■ YOUR GOAL
Extract the whole listing as it stands. Do not include the pictures.

■ DATA EXTRACT
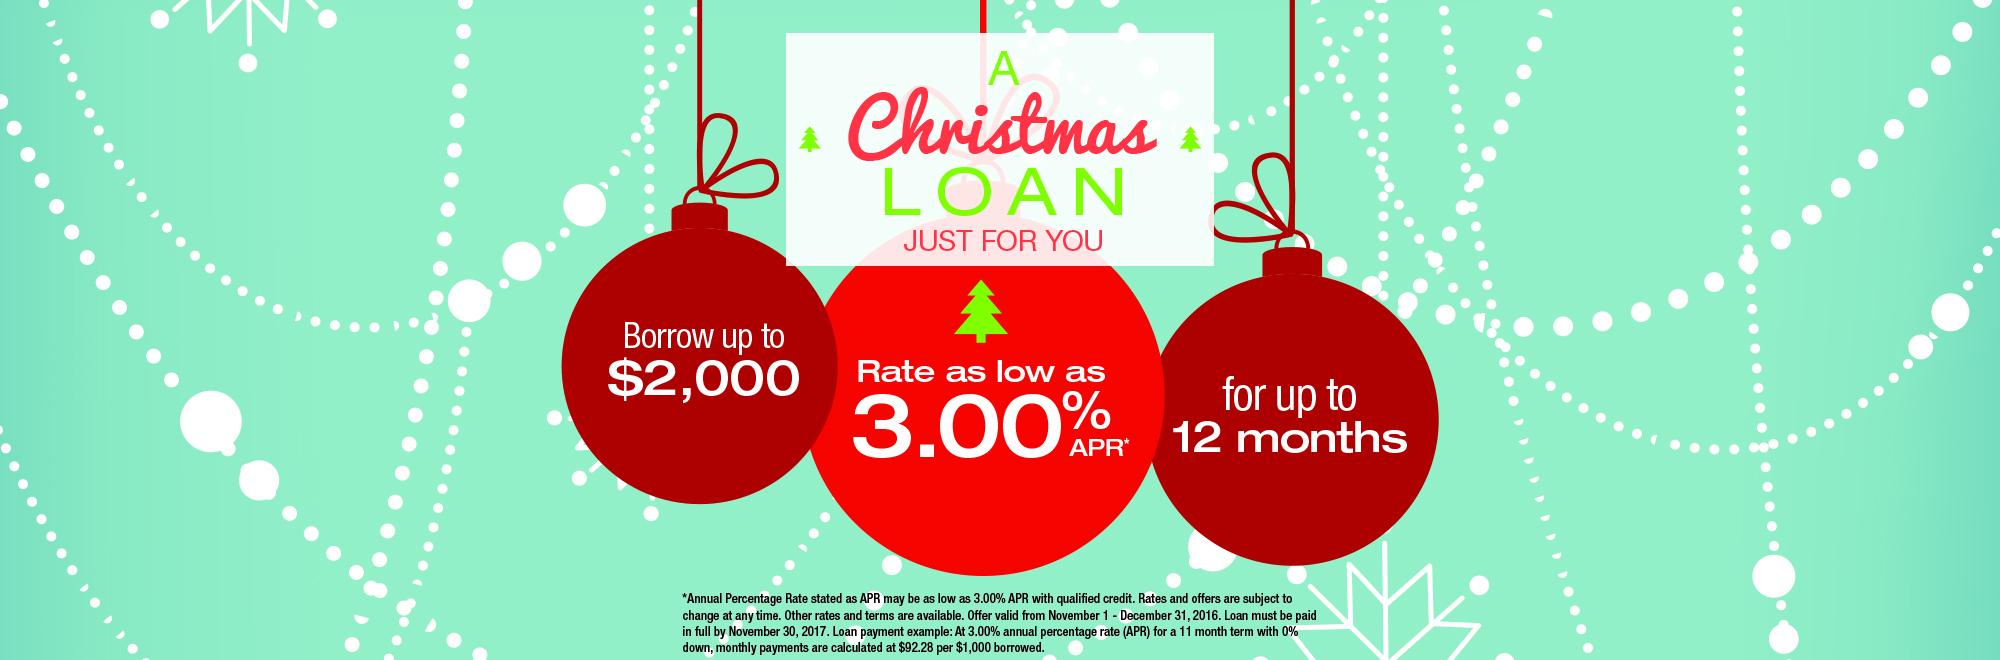 2016 Christmas Loan
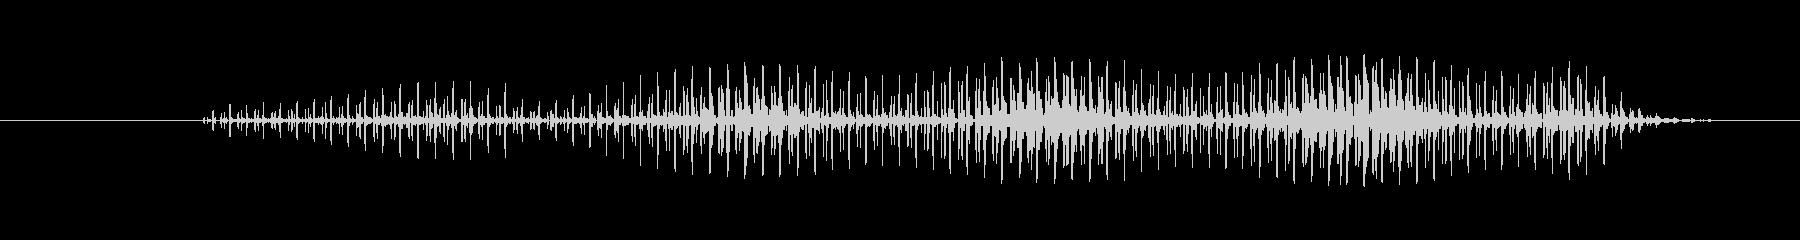 FI 実用性 スキャナーウォブルハイ02の未再生の波形
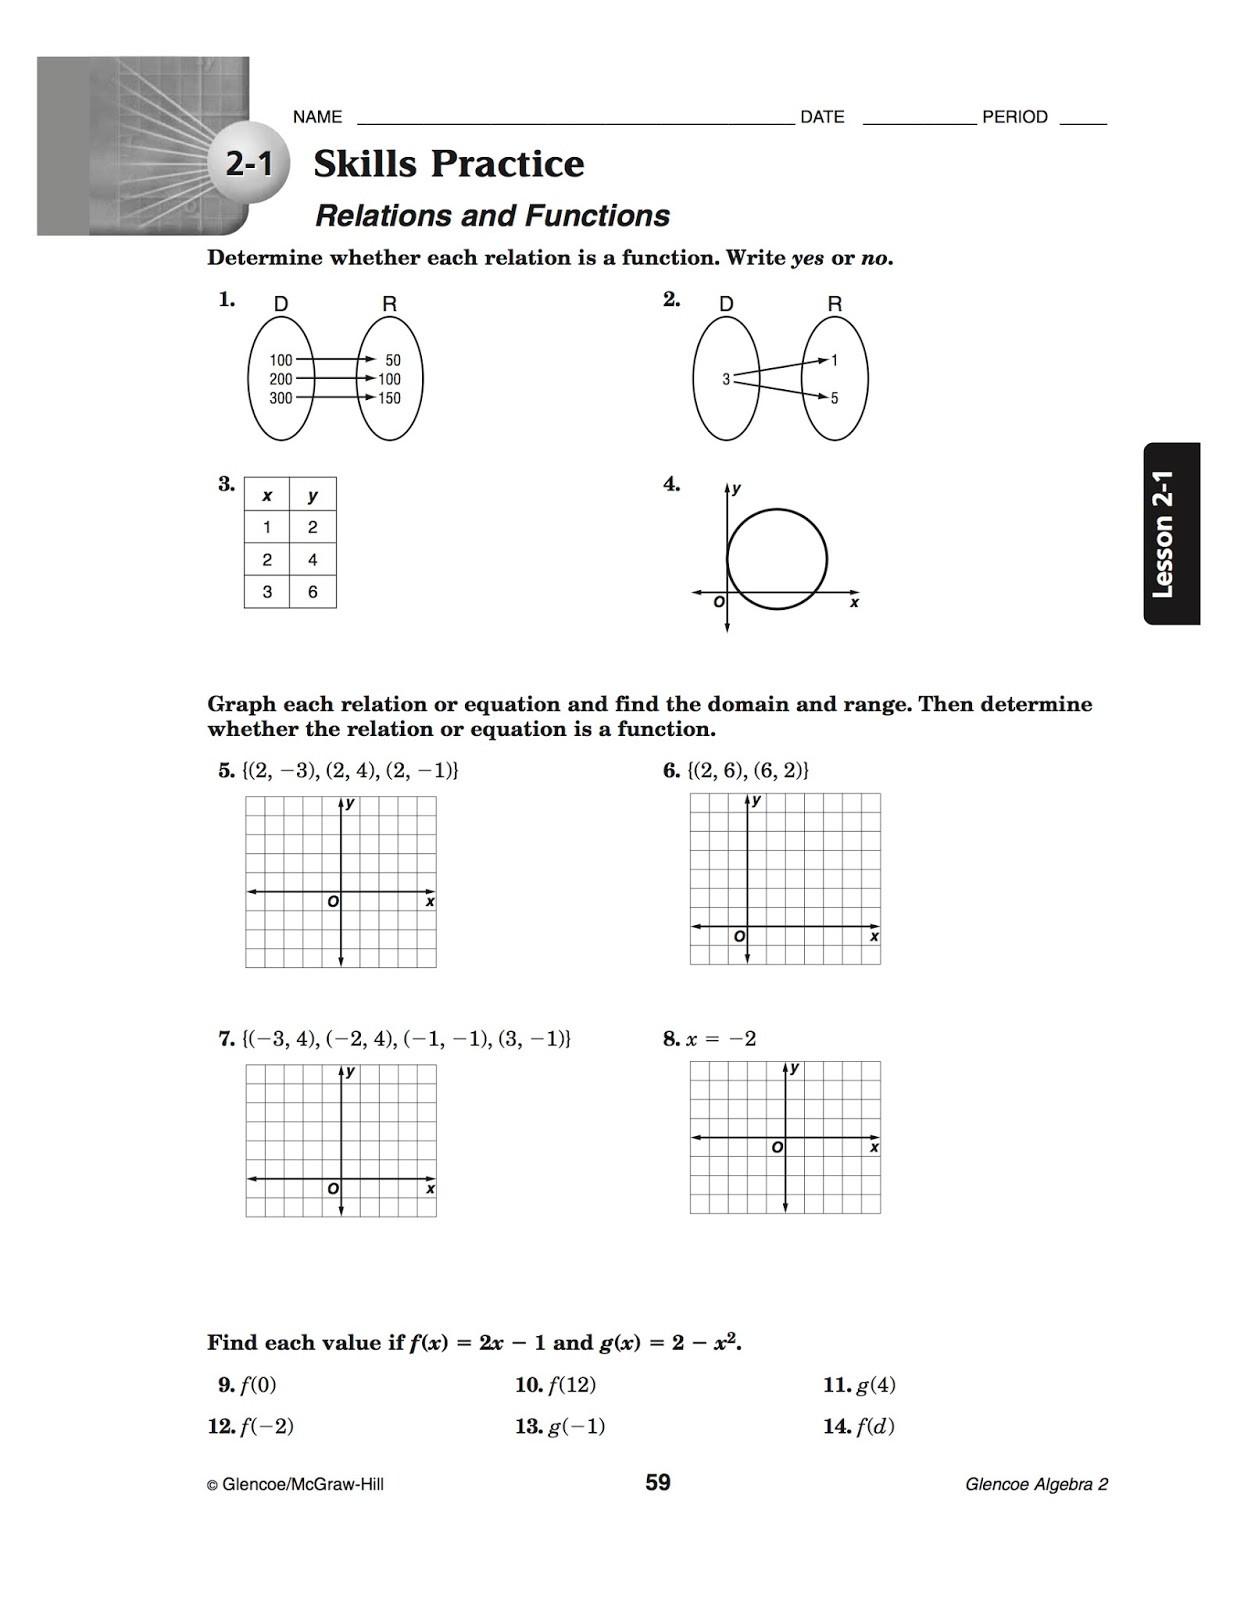 Functions and Relations Worksheet Algebra 2 Inverse Worksheet

■ SOLUTION FOR THIS PROBLEM
 2016 Christmas Loan
 FI 実用性 スキャナーウォブルハイ02の未再生の波形
 Functions and Relations Worksheet Algebra 2 Inverse Worksheet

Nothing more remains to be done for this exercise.